Foods that lower blood pressure are essential if you are trying to combat hypertension. Many people, however, still have a hard time sticking to a healthy diet that is low in saturated fats and cholesterol, while still eating a varied and well-balanced diet. A diet for hypertension is one in which all of the foods that you eat can help reduce your risk for heart disease, stroke, and diabetes. If you don’t want to take prescription drugs, you can find foods that lower blood pressure easily without resorting to dangerous pharmaceutical interventions.

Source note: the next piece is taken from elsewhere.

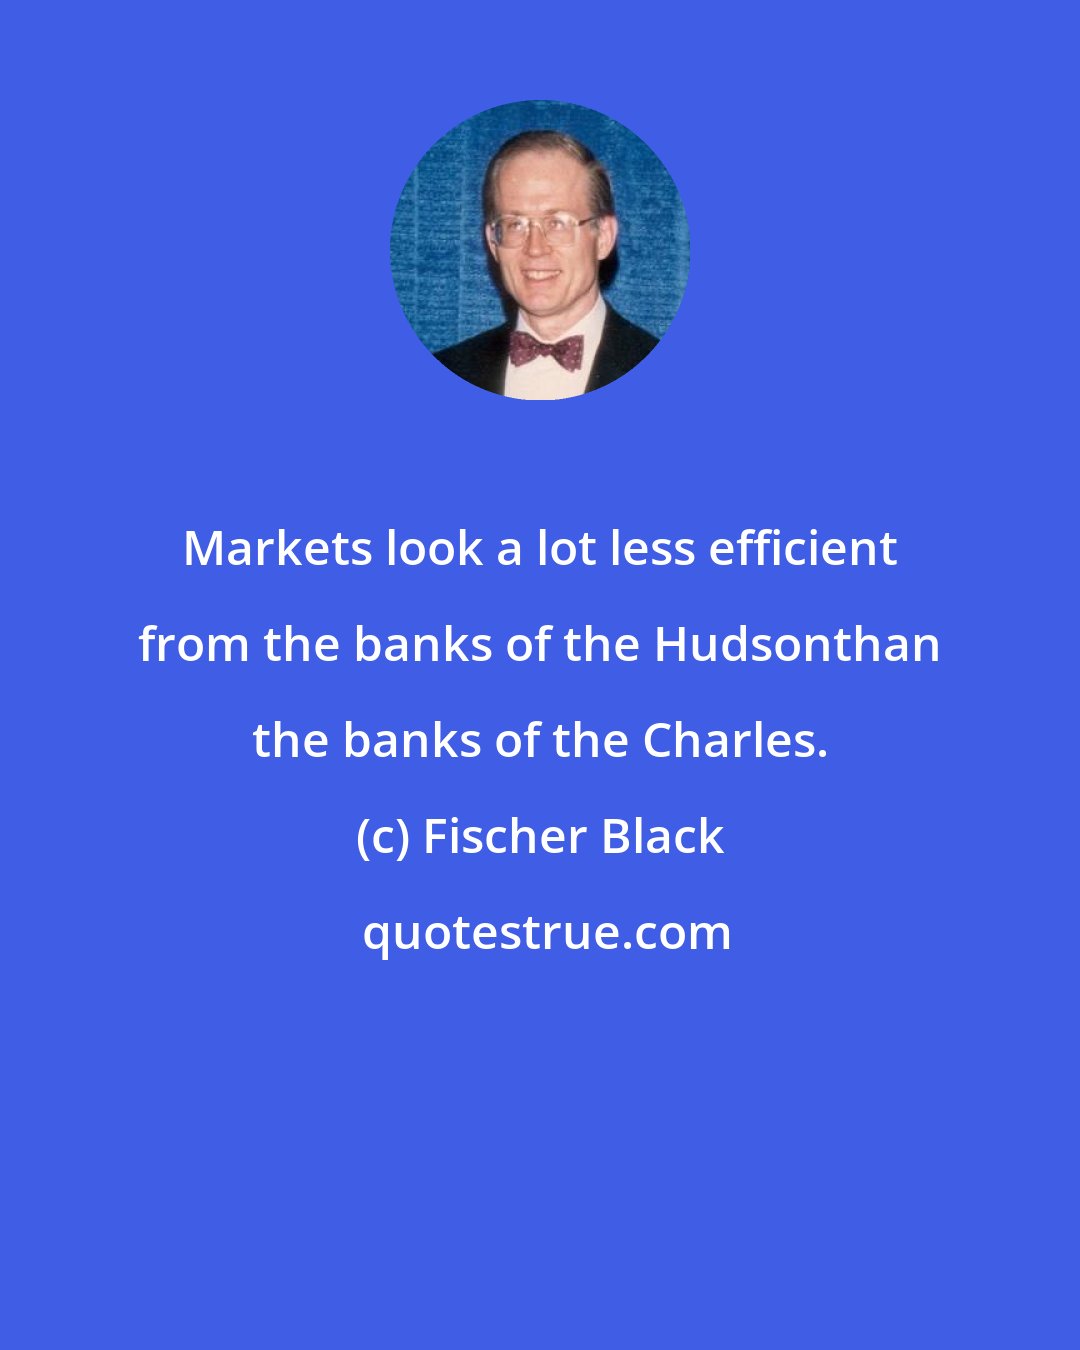 Fischer Black: Markets look a lot less efficient from the banks of the Hudsonthan the banks of the Charles.

Foods that lower blood pressure can be found in two main forms. The first type is a diet for regular hypertension, or what is known as “LDL”. This stands for low-density lipoprotein and is associated with increasing cholesterol levels. The second form of food that lowers BP is one serving of berries per day, or about one cup of fresh fruit. The idea behind both of these diets is that the more natural and wholesome the food is, the less likely it will cause your body to produce more bad LDL cholesterol.
You may be wondering why a diet for lowering blood pressure needs to include a source of fruit every day. The reason is simple: fruits are rich in antioxidants, which are powerful substances that neutralize free radicals in your body. In addition, fruits are naturally low in fat, cholesterol, and sodium, which all increase your BP. If you eliminate all of these components of a diet for lowering BP, you won’t be increasing your risks for heart disease and strokes.
Fruits, on the other hand, are a total food, meaning that they are both soluble and insoluble in fiber. When you eat fruit, you pass some of the fruit’s fiber into the digestive system, where it is used to push food through the system. However, fiber also passes through the digestive system, and some of the fiber that is not used will be reabsorbed into the bloodstream. Thus, you can get all of the fiber that you need, but you also need to replace some of the saturated fat in your diet with fiber from other sources.
Vegetables are an excellent source of fiber, which is an important component of a diet for lowering blood pressure naturally. On a daily basis, most people should be eating one to two servings of vegetables per day. Some ethnic groups are more prone to hypertension than others, so it is a good idea to avoid foods that aggravate high blood pressure in these groups. For example, Asians and Hispanics are more likely to suffer from hypertension than white Americans, so they should particularly avoid foods that are high in sodium.
Legumes are another great source of fiber. They contain a lot of soluble fiber, which helps reduce cholesterol, and some evidence suggests that it helps reduce blood pressure. You should eat legumes both in the form of fresh beans, and in the form of a lentil-based diet, which is usually better for managing high blood pressure. Eat several small meals per day, rather than three large ones, to help reduce your need to snack during the day.
A good source of vitamin C, found in many fruits and vegetables, may help reduce blood pressure. The best way to get vitamin C is by eating a wide variety of fruits and vegetables. But there are other foods that are especially good sources of vitamin C, so it’s a good idea to eat a wide variety of those foods as well. Meats are also a good source of vitamin C, as long as they’re not processed. Fatty fish is also a good vitamin C source, because of its high levels of naturally occurring selenium.
You can use these foods that lower blood pressure as a guide to create a healthy lifestyle change that you can stick with to help keep hypertension at bay. By eating a well-balanced diet full of fruits and vegetables, whole grains, nuts and seeds, along with plenty of moderate-fat dairy products and lean protein, you can start to turn your health around very quickly. If you want to take it a step further, then consider taking some of these supplements to further improve your diet. There are many options available, so be sure to look around before you settle on one. But if you stick with a healthy diet full of fruits, vegetables, grains, nuts and moderate-fat dairy products and make some lifestyle changes, you’ll be well on your way to lowering your high blood pressure once and for all.